3. Dünya Savaşı olarak adlandırılan süreç, Filistin, Lübnan, Kürdistan, Ukrayna somutunda olduğu gibi soykırım, demografi değişimi yaratacak denli toplu göç, katliam ve yıkıma yol açıyor. Bu süreç karşısında dünya kadınları nasıl bir mücadele ve politik hat izlemeli; savaşa karşı direniş cephesinin dinamikleri kimler?
Her şeyden önce çok ciddi, sistemsel ve süreklileşen bir savaşın var olduğunu anlamak, bu anlamda kimin ve neyin kadına düşmanlık yaptığını iyi çözümlemek çok önemlidir. Filin bir ayağını görüp tanıdığımızda nasıl ki o ayak fili ifade etmiyorsa, erkek egemenliği de farklı ve parçalı versiyonlarıyla ifade edilemez. Buradaki bütünlüğü ve sürekliliği görmek esastır. Zaten sistem olmanın en belirleyici yanı da bu olmaktadır.
ÇÖZÜM ÜRETİLMESİ GEREKEN ALANLAR
Dolayısıyla bu noktada kadın hareketleri olarak dünya ölçeğinde erkek egemenliğinin geliştirdiği savaşı bin bir yüzüyle görmek ve tanımlamak, bu doğrultuda mücadele strateji ve taktiklerini belirlemek acil bir görev olmaktadır. Filistin, Kürdistan, Lübnan, Afganistan, Sudan, Etiyopya, Yemen, Ukrayna vb. gibi çatışmalı bölgelerden tutalım bu tarzda çatışmaların olmadığı diğer ülkelerdeki kadına dönük çeşitli biçimlerdeki kırım operasyonlarını, aynı madalyonun iki yüzü olarak görüp bütünlüğü içindeki farklılıkları tespit ederek yol haritası belirlemek, bu konuda ortaklaşarak ve iş bölümlerine giderek mücadele etmek gerekmektedir. Çatışmaların yarattığı yoksulluk, hastalık, göç, ekolojik krizin yarattığı hayati sorunlar, geleneksel cinsiyetçi saldırılar, kapitalist modernitenin bilimciliği de kullanarak geliştirdiği sömürü ve kırım saldırıları, kadın kimliğinin sadece kadın cinselliğinden ibaret hale getirilerek cinsiyetçiliğin korkunç biçimlerde kışkırtılması, kadın-erkek ilişkilerinin gelmiş olduğu felaket düzey, aşkın bataklıklarda sürünüyor olması, aileden başlayarak toplumsal ilişkilerin ahlaki-politik özünü yitirip yozlaşması, maddileşmesi vb. sorunlar, çok ciddi ele almamız, çözümler ve politikalar üretmemiz gereken alanlar olmaktadır.

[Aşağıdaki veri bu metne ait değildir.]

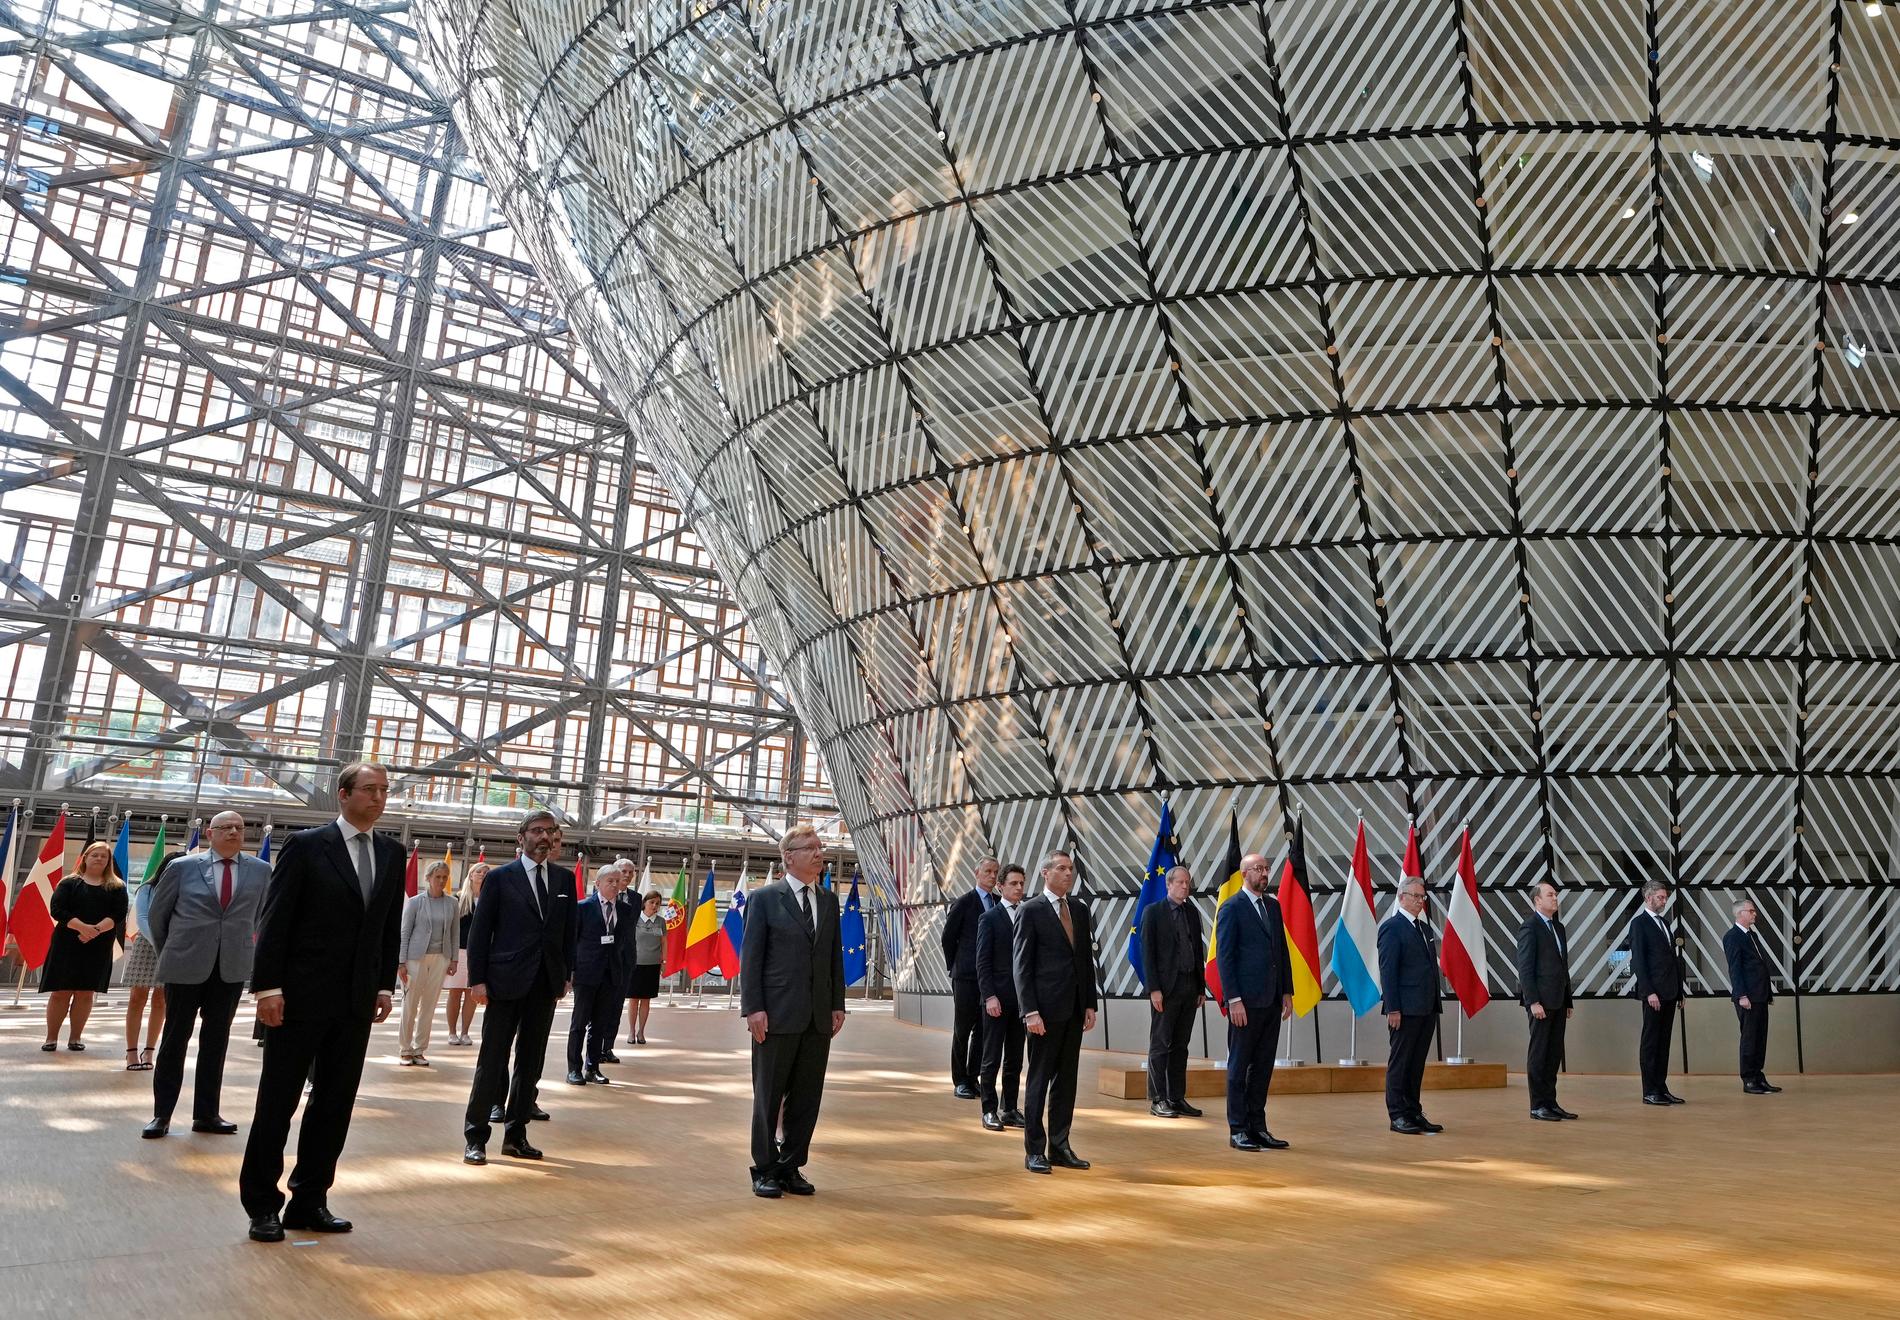 EU:s rådsordförande Charles Michel (i mitten i främsta raden) hedrar översvämningsoffren i Belgien tillsammans med ambassadörer från EU:s medlemsländer i Bryssel.

KADINI MÜLK EDİNMENİN DIŞINDA YOL TANIMIYORLAR
Kadınlar emeğiyle, fiziğiyle, canıyla, kimliğiyle her şeyiyle erkeğe mahkum hale getirilmiştir. Bazen görünen, çoğu kez de görünmeyen kafeslere hapsedilmiştir. Kapitalist sistemin dünyaya hegemon olma emeli ve ameli, bu sisteme dahil olan erkek bireyleri de hegemonikleştirmekte, bu nedenle kadına her açıdan sahiplenme, mülkü yapma emel ve amelini kamçılamaktadır. Katledilen, ezilen, sömürülen kadınların çok büyük bir oranında fail erkekler ya eşleridir, ya sevgilileridir ya da aileden baba, abi gibi yakın akrabalarıdır. Hakim olma dürtüsü cinsiyetçilikle o denli kışkırtılmıştır ki erkekler kadına yüzde yüz sahip olmanın, mülk edinmenin dışında başka bir yol tanımamaktadır. “Ya benimsin ya toprağın” kuralı erkek devletlerden, kurumsal yapılarına, erkek bireylere kadar bütünlüklü bir biçimde yürürlüktedir.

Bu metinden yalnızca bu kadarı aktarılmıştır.